IMHO: Holding the Bag?

December 22, 2004 ( - This is the time of year one really wants to write about things like peace, joy, hope, and the brighter prospects for the New Year just around the corner.

However, last Friday United Airlines announced that it had struck a deal with representatives of its pilots’ union that could help the airline emerge from bankruptcy.   While that might ultimately seem like a nice Christmas present for those pilots (though it’s doubtful, considering that it includes a 15% pay cut), most of the rest of us could be left holding the bag…and not the St. Nicholas version, either.

Ultimately, United wants to terminate its pension plans, which are significantly underfunded – and shed itself of that liability (more than $8 billion, according to reports).   Accomplishing that requires certain stars to line up just right – the approval of a bankruptcy court judge, for one thing – and that will be more readily obtained if its unions support the move, it is thought.   In exchange for the Air Lines Pilots Association’s (ALPA) complicity, United will sweeten up its contributions to a separate, existing defined contribution plan for pilots.   Active pilots would also be issued $550 million worth of notes convertible to company stock once the carrier has emerged from bankruptcy.   They also promise to keep the pilots’ pension plan going until at least May 2005.

These extra conditions are significant, both because of their blatant attempt to circumvent the spirit of the nation’s pension insurance system and their willingness to tout the circumvention as a “solution” for others in such straits.

Abusive Follow-Ons

In several published reports, the investment banker for ALPA said that the $550 million package was specifically crafted to overcome the Supreme Court’s rejection of an “abusive follow-on plan” in a similar bankruptcy challenge involving steelmaker LTV.   LTV, which has gone through bankruptcy twice in the past decade (or so), also tried to buy off its unions with a sweetener.   Like a drunk falling off the wagon, the steelmaker dumped four heavily underfunded pension plans on the nation’s private pension insurer (the Pension Benefit Guaranty Corporation) – then resumed operations, and promised workers new pensions that were just as extravagant as the old ones.   In the United case, the ALPA banker said, apparently with a straight face, that the UAL deal would clear the LTV problem because it was designed as compensation, rather than in the form of a “plan.”   And they say it could “work” for other, similarly situated, employers.

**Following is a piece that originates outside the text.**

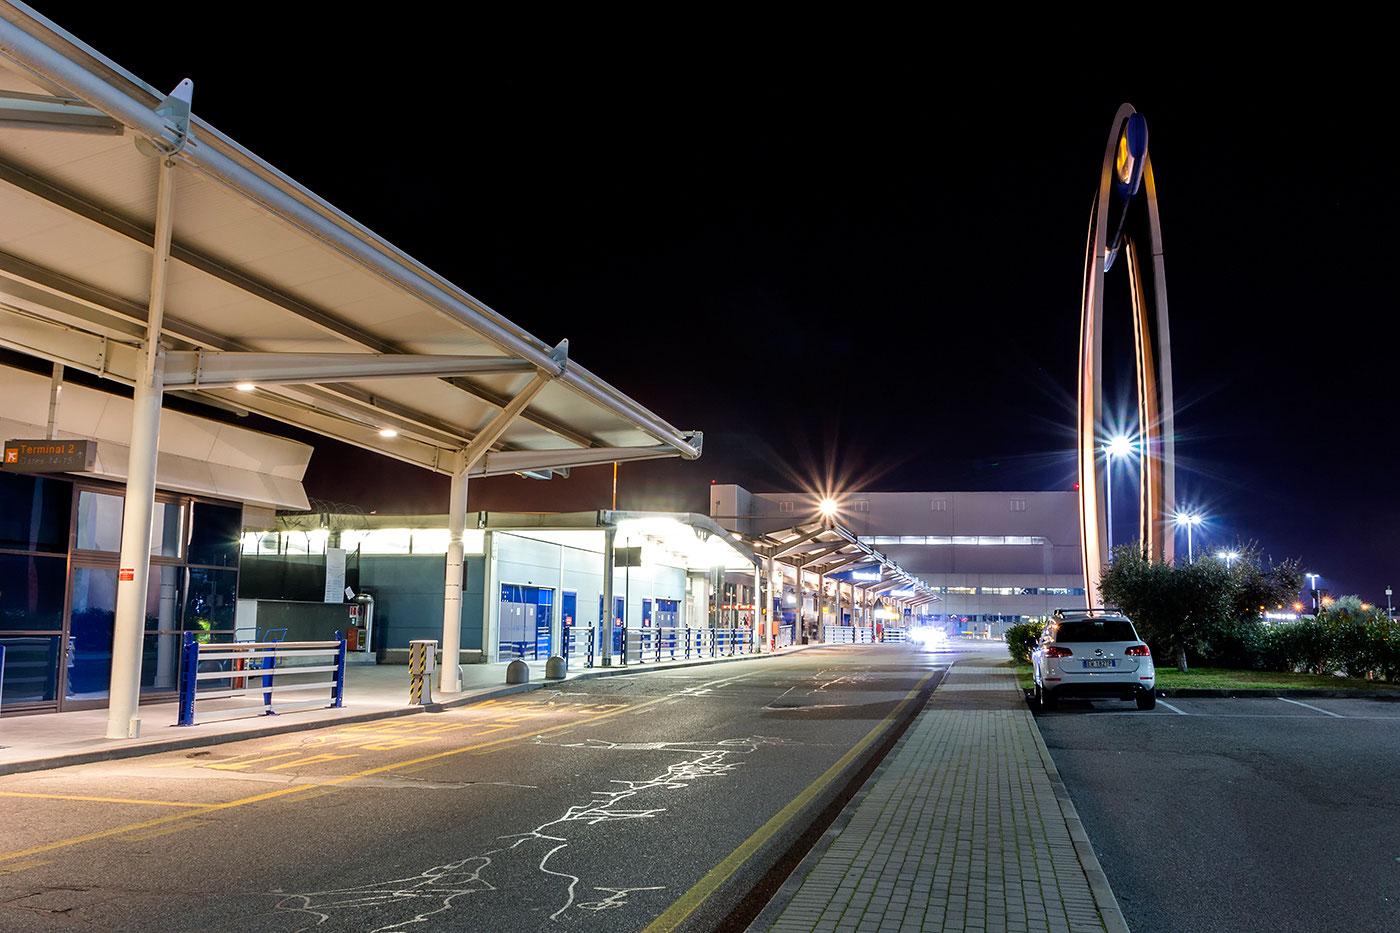 Aeroporto di Verona: aggiornamento su rotte e destinazioni ...
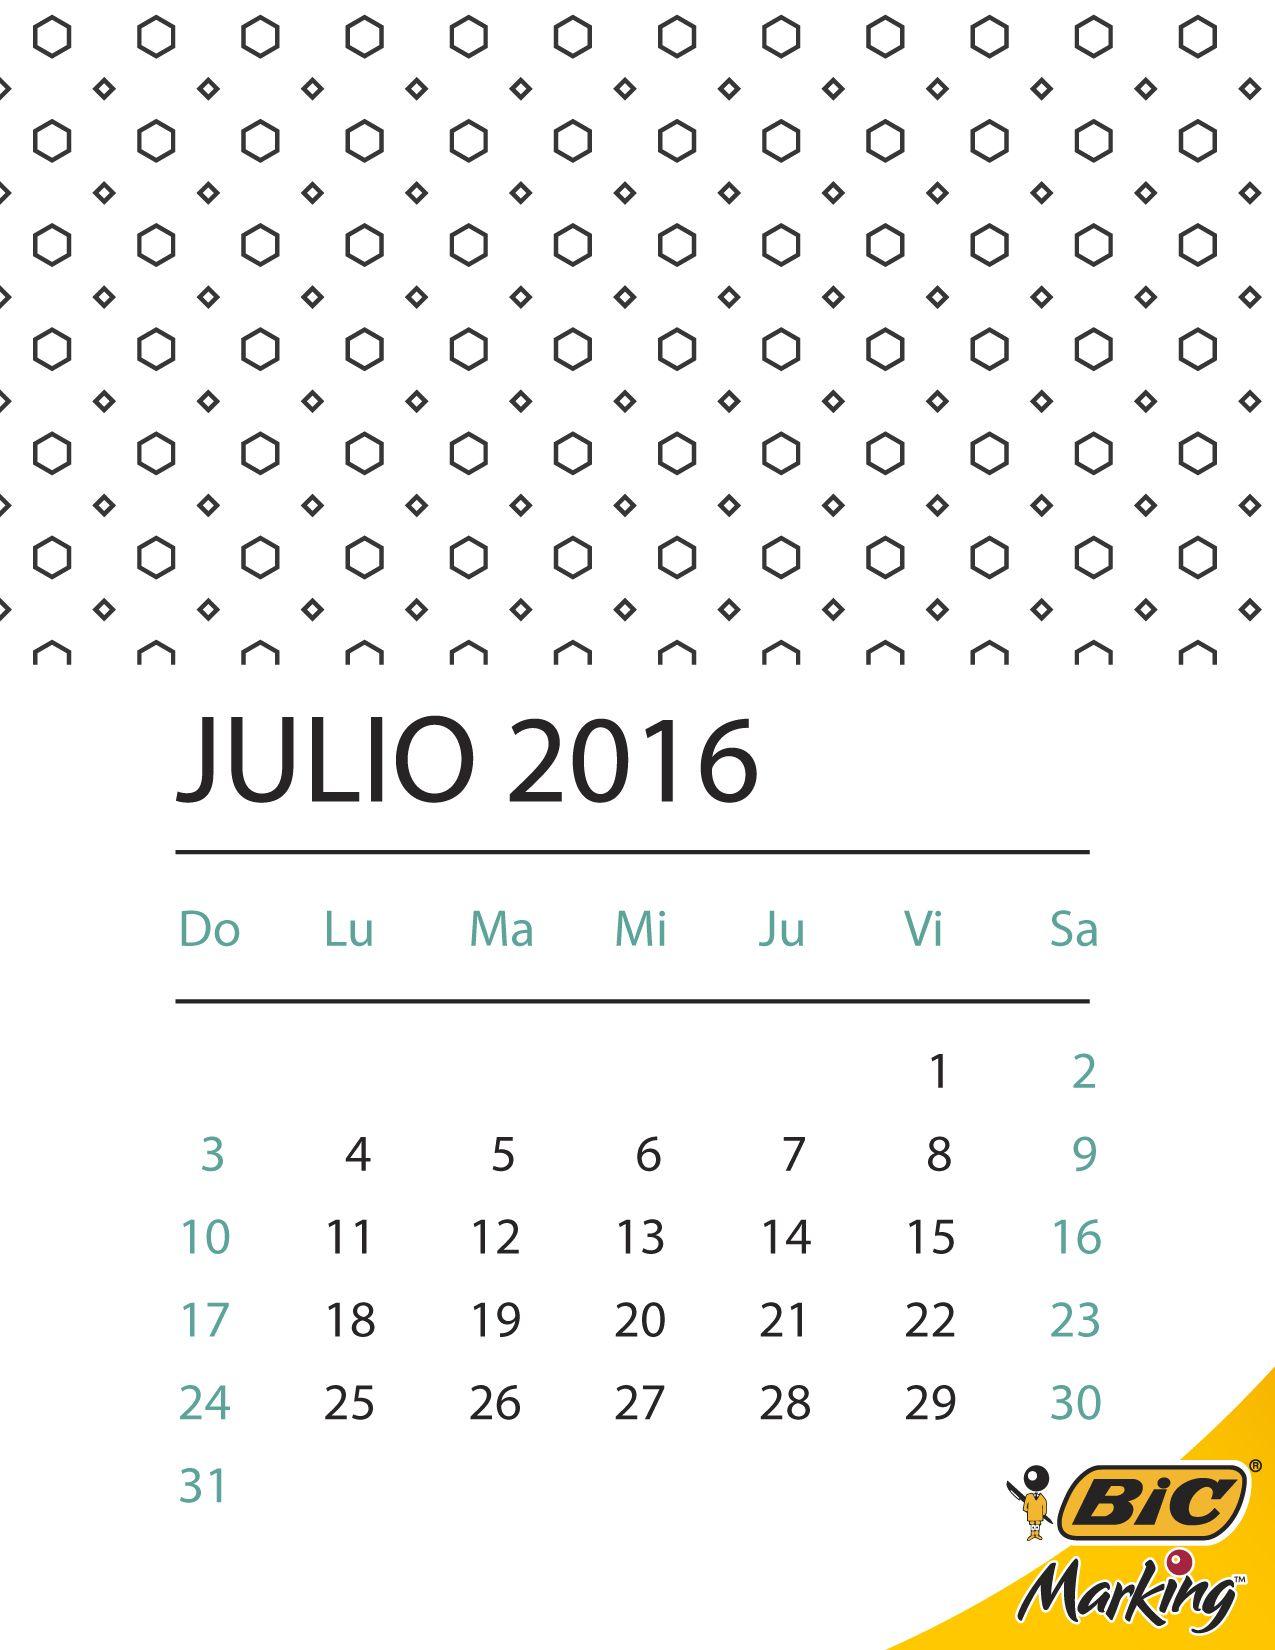 ¡Descarga el Calendario 2016 BIC completo y llena el año de color! http://bit.ly/1YQ0kNg

Then there is the matter of promising to keep the pension plan going for another six months.   All in all, if this represented a commitment to supporting its pension obligations, this would be laudable.   Unfortunately, there is a sleight of hand going on here as well.   The PBGC does not fully insure pension increases from the date they are offered (trying to avoid the temptation of companies to promise big benefits just before they default).   Instead, the insurance coverage phases in over five years – and since United’s pilots won their last pension increase in April 2000, by waiting until May to terminate the plan, the airline and its pilots would complete the entire phase-in period, according to the NY Times.

Track Record

Now, all of this would be bad enough if it weren’t for the fact that United has recently blown off its pension contribution obligation – less than six months after the airlines convinced the US Congress that they should be given what amounts to a free pass from mandated “deficit reduction contributions” imposed on severely underfunded plans (see  Pension relief comes with a cost ).   And United is not, of course, alone in its willingness to dump its obligations on the PBGC, the rest of the pension industry and, potentially on the US taxpayer.

I can appreciate that the airline industry faces challenges.   While desperate times call for desperate measures, these are the same guys that, just days after the September 11 terrorist attacks, took advantage of the situation to announce the layoff of hundreds of thousands of workers – while imposing so-called emergency, or “force majeure,” provisions of its collective bargaining agreements to waive furlough protections for laid-off workers (see  IMHO: The Aftermath ).

To its credit, the PBGC has taken aggressive actions to combat the kind of pension payoffs embodied in the type of arrangements that UAL now touts – and they were quick on Friday to denounce the plan.   But the PBGC shouldn’t have to wage this battle alone.   Even though it may be about their pensions – ultimately, the money the airlines – and their unions – are now squabbling over …may be a bill the rest of us will be stuck paying.